Сначала мне ответила женщина; потом трубку взял Бойченко; голос у него был молодой и веселый:
– Я знаю, что рукопись у вас, что ее передали вам вчера вечером. Когда же вы успели ее прочесть?
Мне пришлось напомнить ему стихи классика:
– «В ночи, когда уснет тревога…»
– Знаю, – сказал он негромко. – Хорошие стихи. Но перейдем к прозе: если вы еще не начинали писать рецензию, то, пожалуй, и не начинайте. Мне было бы значительно интереснее встретиться и побеседовать. Все равно в рецензии вы не скажете всего, что могли бы сказать, и не станете цитировать все мои словесные «огрехи»… Как вас по отчеству, Федорович? Меня Александр Максимович. Знаете, Федорович, я с удовольствием пришел бы к вам, да, вот сейчас, немедленно оделся и пришел бы, но, к сожалению, не могу, вынужден оставаться в постели… Нет, и позже я не смогу к вам придти, ни завтра, ни через месяц: я прикован к постели навсегда, на весь остаток жизни.
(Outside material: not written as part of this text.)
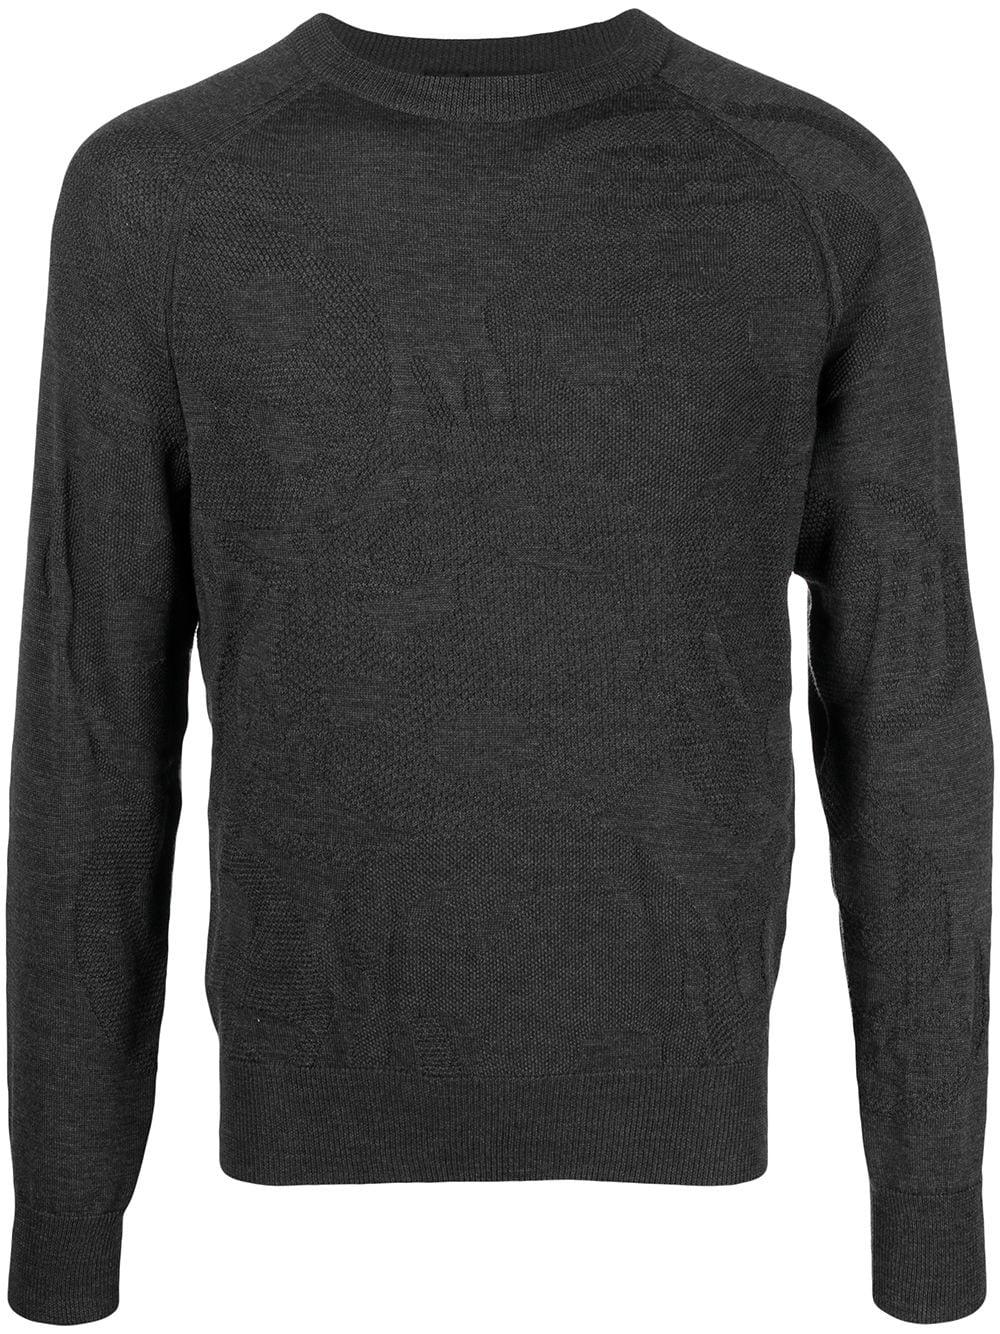 Alexander McQueen Sweatshirt mit grafischem Design - Grau
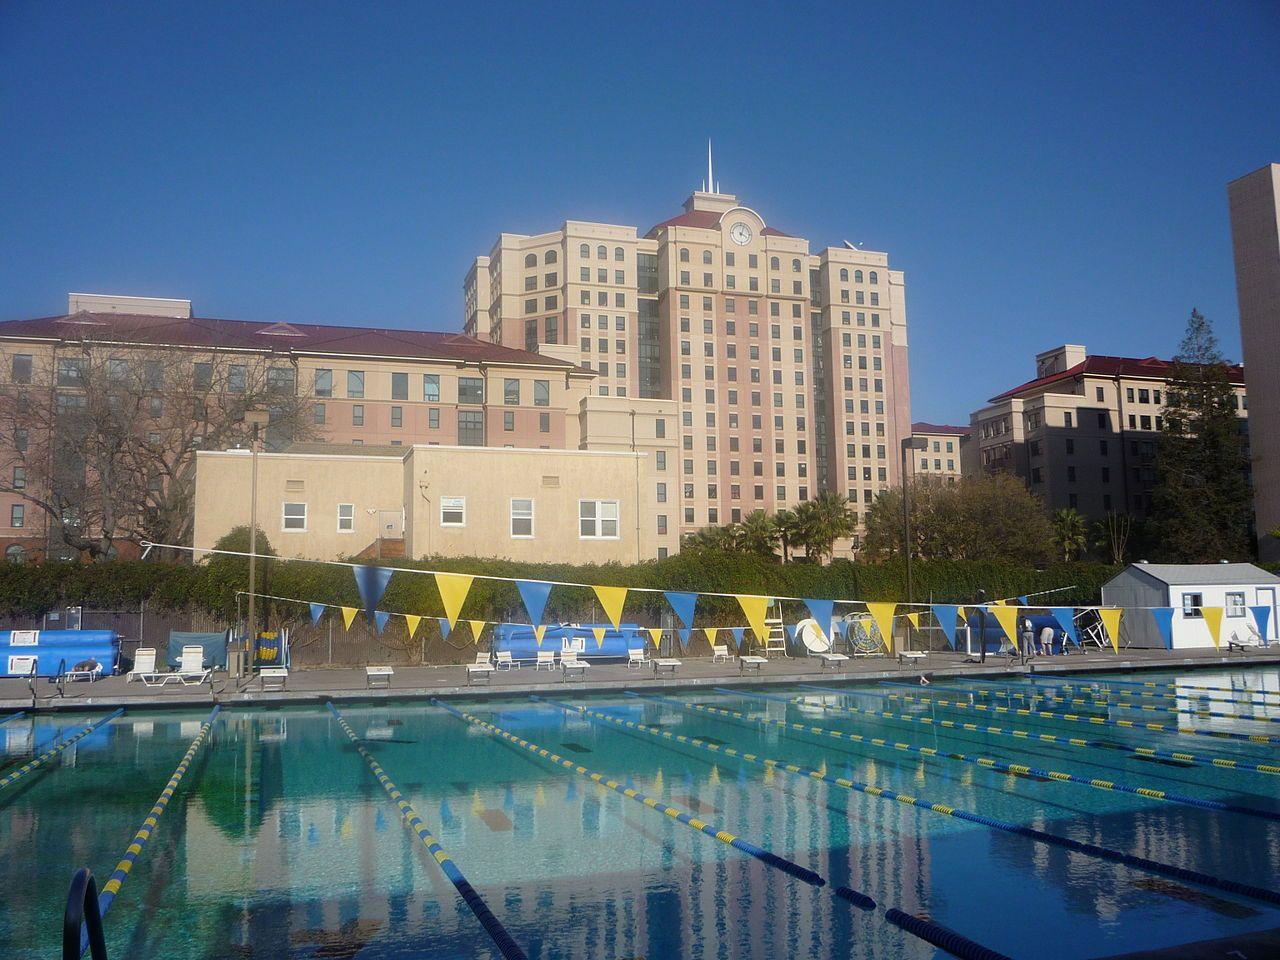 Sjsu aquatic center sjsu pinterest san jose state - San jose state university swimming pool ...

Так мы познакомились по телефону. Что меня поразило в ту минуту – его молодой, веселый голос. Если он не шутил, если и действительно был прикован к постели до остатка дней, значит, ему посчастливилось сохранить завидный душевный тонус. Тут не могу не заметить, что люди большой духовной силы всегда привлекали меня приметными, подчас противоречивыми чертами: наивная застенчивость уживалась в них с холодным мужеством, суровость с добротой, веселая настроенность – с печальным состоянием дел или здоровья. Автор повести «Молодость», по-видимому, был человеком с большим житейским опытом: он отлично знал Киев первых лет революции, условия, в каких трудились в ту пору рабочие столичного железнодорожного узла, умело подбирая живые подробности, передавал колорит того героического времени.
В общем, в условленный вечерний час я вошел в его квартиру и сразу же распознал ту особенную, чуткую тишину, которая таится в домах, где человек долго и напряженно борется с недугом. Молодая хозяйка чуть слышно приветливо, поздоровалась, проводила меня в просторную комнату и прикрыла дверь.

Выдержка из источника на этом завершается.